I study the Bible for a living. A lot of my freelance work over the years has been in the religious publishing sector. Right now, I contribute monthly to a women’s devotional site. I am working on a study guide for a Christian book releasing next year, and I blog weekly for a Bible study company. All of this work entails reading scripture, studying it, interpreting it and applying it in a way that will connect with readers. And for all of it, I am paid.
That’s normal, to get paid for the work you do. But it gets weird when the paid work centers around a faith I already have. A book I already read and already try to apply to my life. It is strange to monetize my faith in this way. To incorporate it into my business.
I am writing for clients who have specific audiences and content needs. A writer’s job is to connect with her readers, so I try and write in such a way that will do this. I package the Word. And this can make it feel like I am a marketing rep for scripture. It feels strange. Not wrong. Just, strange. And I wonder if it can take from the mystery and beauty that is figuring out faith.

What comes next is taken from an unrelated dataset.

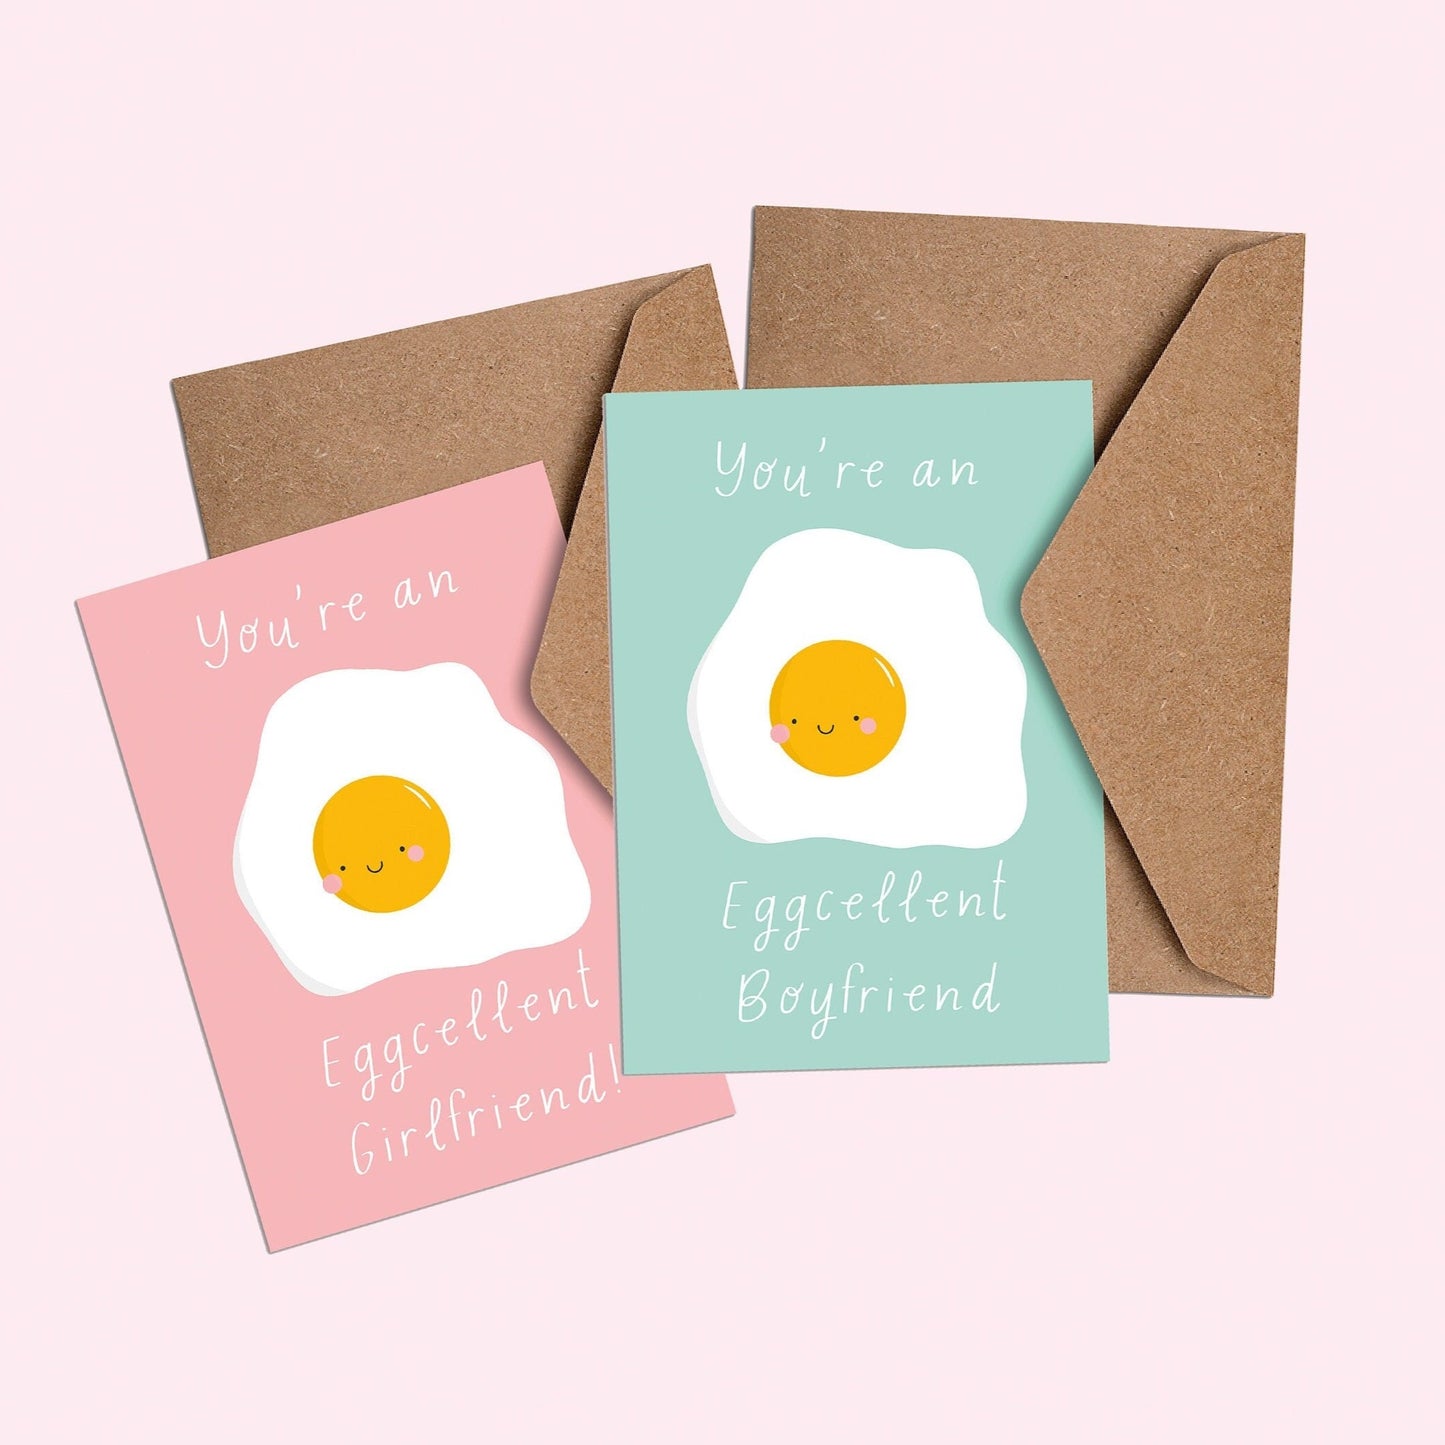 You're an Eggcelent Boyfriend/Girlfriend card

Whenever I begin studying a passage of scripture, I start with questions. I actually write question marks in my Bible by words or verses I don’t understand. Sometimes these questions are easily answered by looking up a cross reference or another version of the Bible or reading a commentary, and I write down that answer after the question mark in the margin. But sometimes, those question marks remain there, alone. I don’t find an answer. Or, I find 15 different ones because nobody seems to agree on what this particular thing means.
I have a lot of questions about the Bible.

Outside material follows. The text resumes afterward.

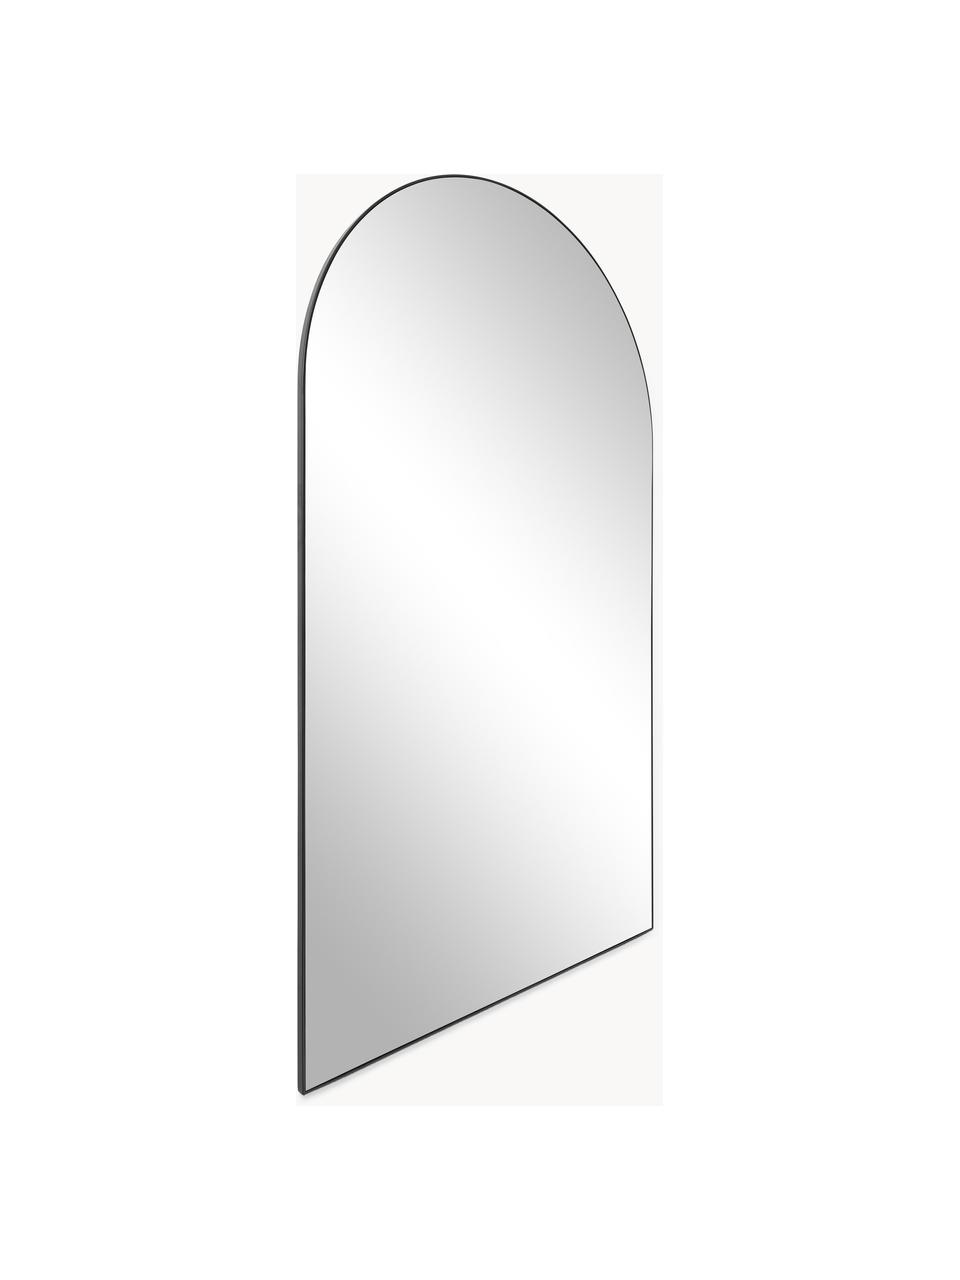 Grand miroir adossé Finley, Noir, haut. 74 cm

But when I am writing about the Bible for my job, I am usually not hired to raise questions about the Bible. I am hired to actually do the opposite, answer them. Help explain this complex and at times difficult to understand text. I am supposed to write as if I know exactly what it means, not only for me, but for you too. And to be honest, sometimes I just don’t. For this reason, I feel incredibly ill-equipped to be writing about scripture and wish I could stick to scrawling numerous question marks across my old NKJV.
This week my church wrapped up a series called Catechesis: What the Church Has Always Believed. It was a great opportunity for us to ask questions about Christianity and to be honest with ourselves about what we actually believe as far as the pillars of our religion. At the end of this week’s message, our pastor talked about how communal our faith is, and always has been. The church is not a place where we go and listen to the one person who has it all figured out and will tell us what this all means. The church is a place where we work out our faith together. Sometimes our friend is very certain about an aspect of the faith while we are not. That’s OK. Sometime we are very certain about one thing while our friend is not. That’s OK. The point is not to make sure we have it all figured out all of the time. The point is to work together to understand, listening to one another, to scripture, to the Holy Spirit.
Perhaps this is why studying the Bible for a living can make me feel uncomfortable. I know, deep down, that I am still figuring this stuff out and that when I write about it, it can appear as if I already have it figured out, as if I am not still in process and that my Bible is not still full of question marks. And to be honest, I can sometimes fool myself into thinking I do have it figured out. People are paying me to do this. Other people are reading my stuff. Clearly, I can consider myself some sort of authority. But the truth is, I can write with certainty while feeling very uncertain. And I can write with clarity, while feeling very unclear about a topic. This is because I am a professional writer. I am not a professional Christian. Nor do I want to be.
I want to start looking at my Christian writing not as an attempt to help explain the Bible to people, but as an attempt to do what my pastor talked about on Sunday: a way to work with the church body toward an understanding, together. Rather than feeling the pressure to find the answers, I want to give myself permission to hold onto the questions, confess when I am uncertain, and write from a more honest place. I think this will help open my faith back up to me, taking what I like to stifle with study and knowledge and turning it over so that I can again see its mystery and beauty.
I tell a story in the book about this time in Oxford when somebody stole…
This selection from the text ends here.